Trump’s lawyers will likely argue in closing that the payments were not campaign related expenses but personal, aimed at his marriage. That may be a fact question for the jury, depending on what shakes out in the jury instructions. My understanding is that the judge has not been too focused on jury instructions, and that’s a potential big problem. Incorrect jury instructions are a major ground for reversals on appeal, because if the jury is told what the law is incorrectly, courts cannot defer to their determinations of guilt under an incorrect standard. The exclusion of Brad Smith’s testimony about FEC practices (such as when the payment to Daniels would have been reported—if after the election, then this could not have mattered for affecting the outcome of the election) could also be grounds for appeal.

There’s been much less attention paid to the state election law claim. As I’ve written, no one seems to be prosecuted under this New York law. This raises issues of potential selective prosecution. And more importantly, no one knows how appeals courts will say this New York law could be violated and whether what Trump did qualifies. Can violation of a federal campaign finance law constitute a state election law violation? Another serious issue on appeal.
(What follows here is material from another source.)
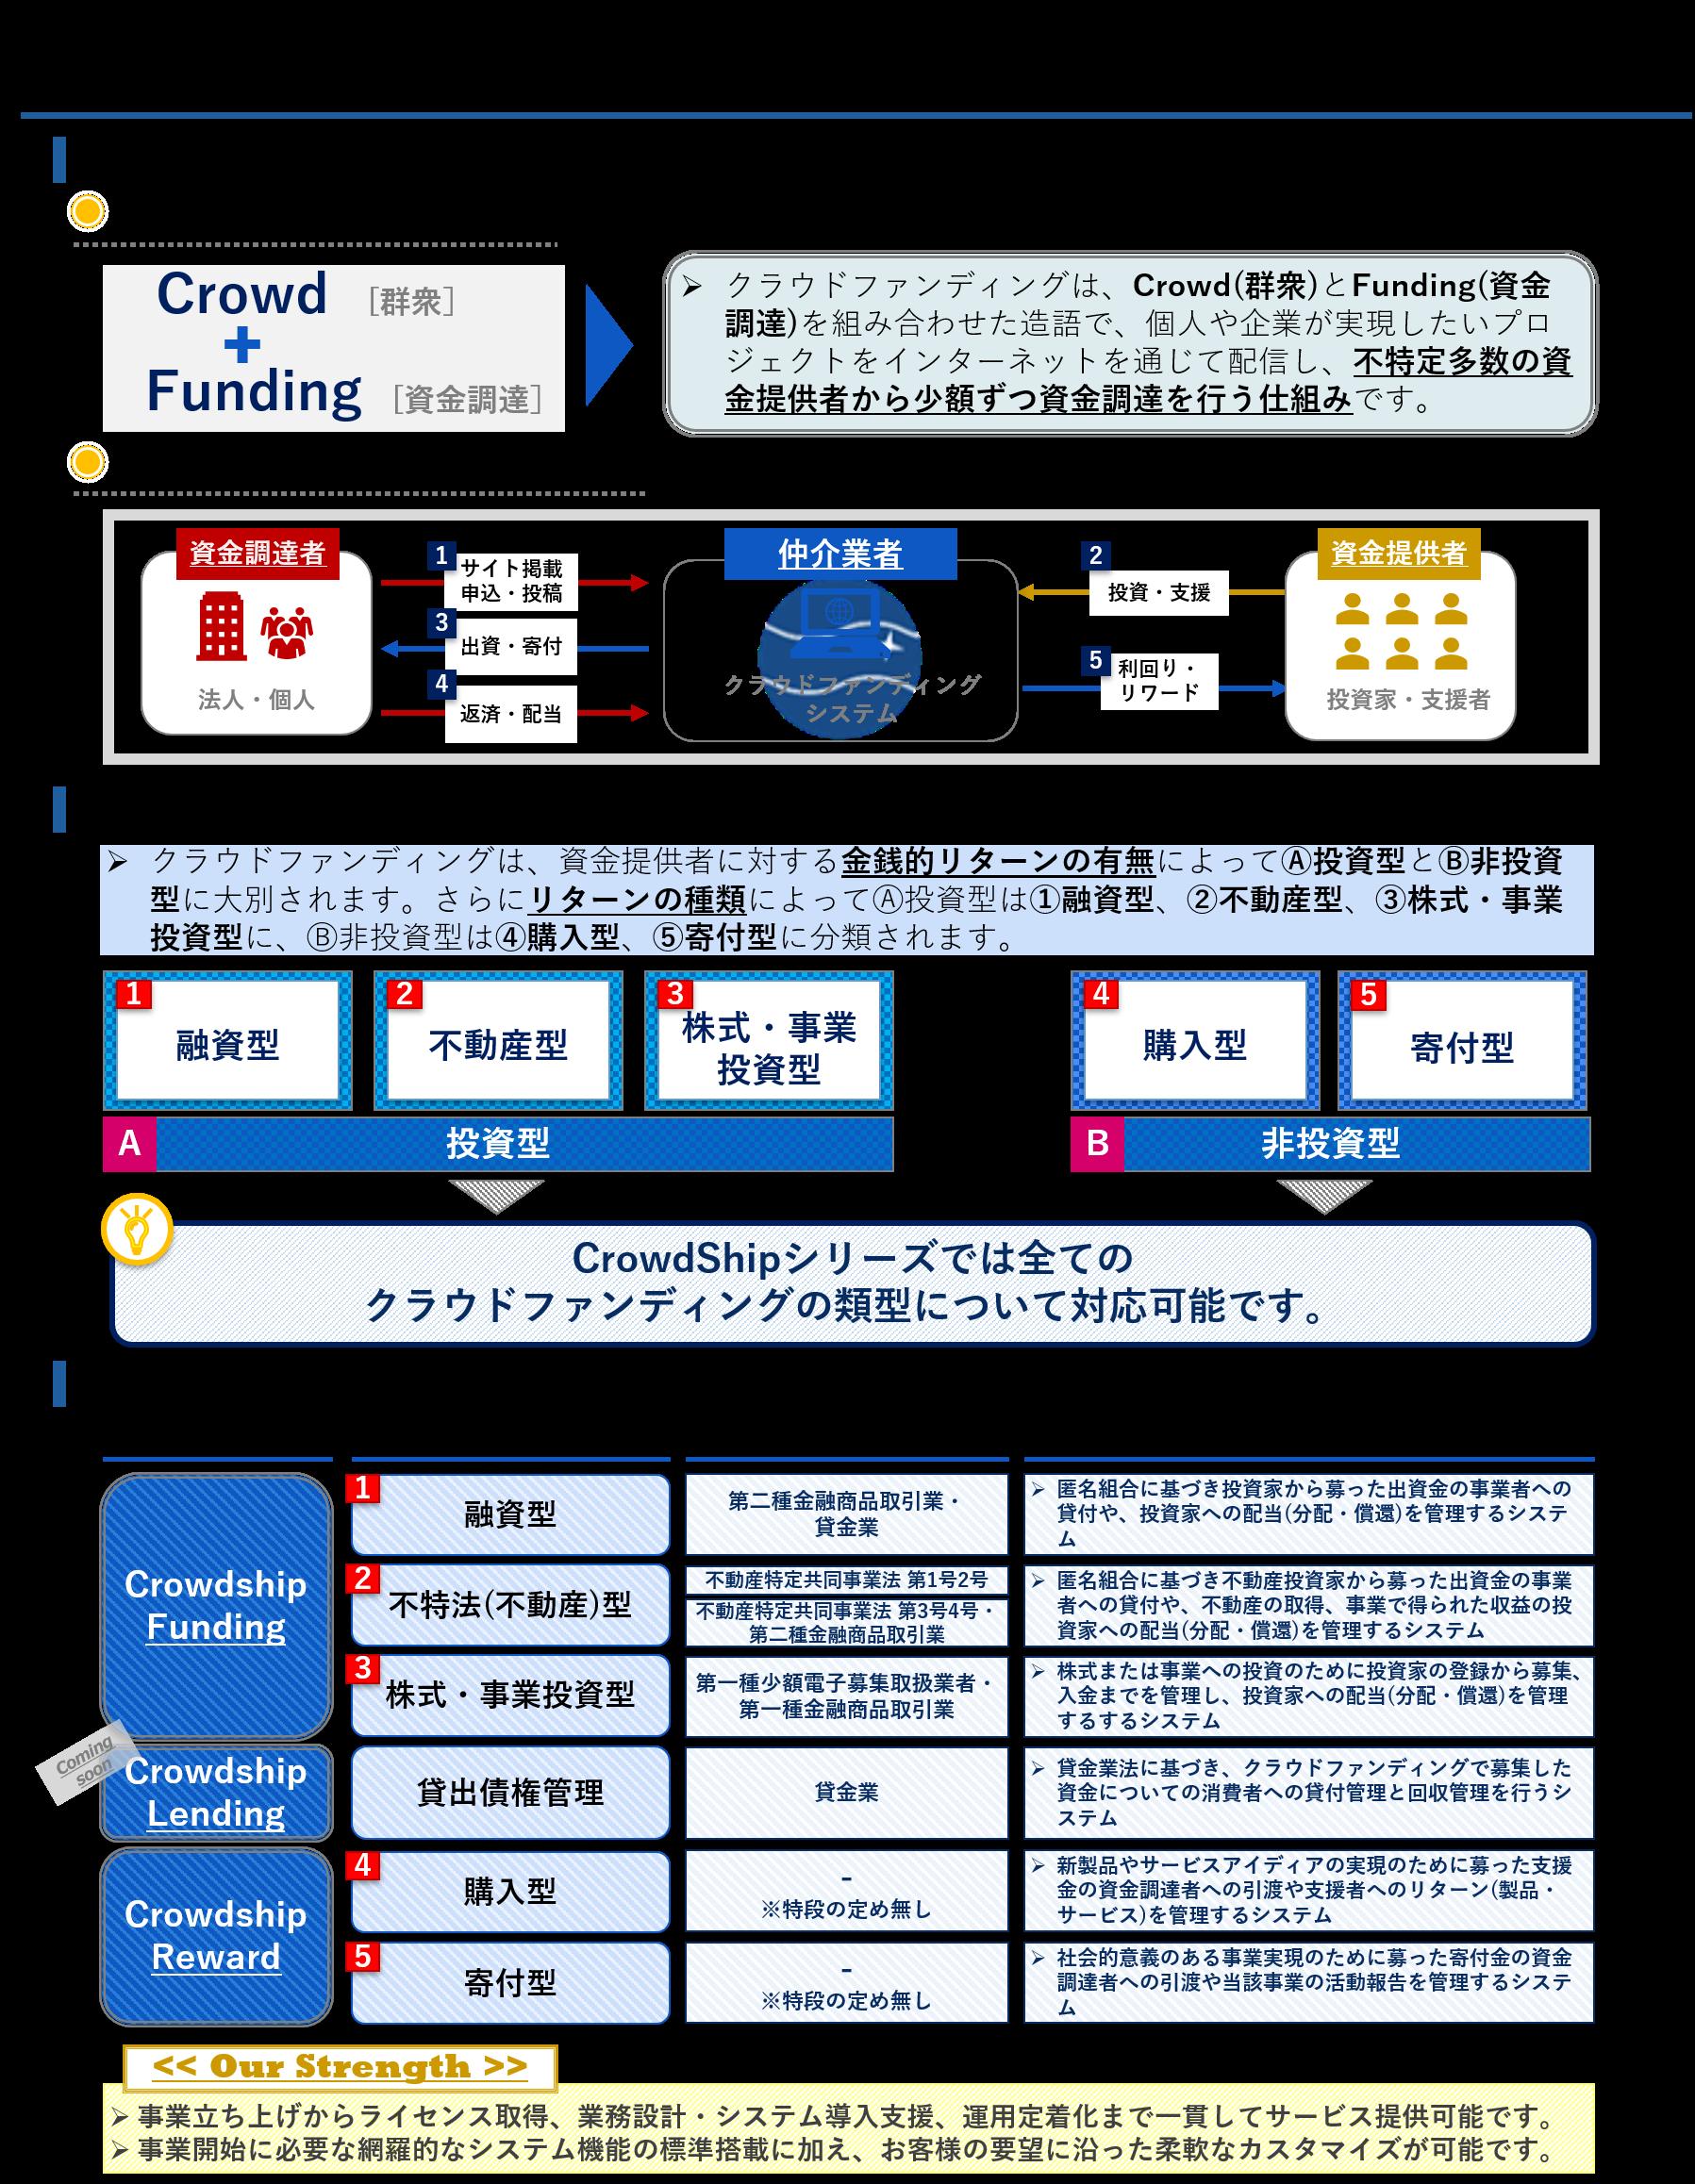 CrowdShipシリーズ 製品ラインナップ

I cannot speak to the state tax law violations, but we’ve heard very little about them in the prosecution’s case. Will those claims even go to the jury? What will the jury instructions there look like?

Trump could well be convicted, depending on the jury instructions and how the jury reads the evidence. That conviction could well be overturned on legal grounds on appeal, eliminating the felony aspects of the charges (potentially for a new trial), leaving only misdemeanors. Given the normal pace of appeals, this is not likely to be resolved before the election. But if Trump is convicted, watch him argue for a fast track appeal, even as he has slow walked the important election interference case against him in DC. If Trump gets a reversal before the election, could that give him an electoral boost? And we know what Trump would say if he loses election and later gets a reversal on appeal: election interference.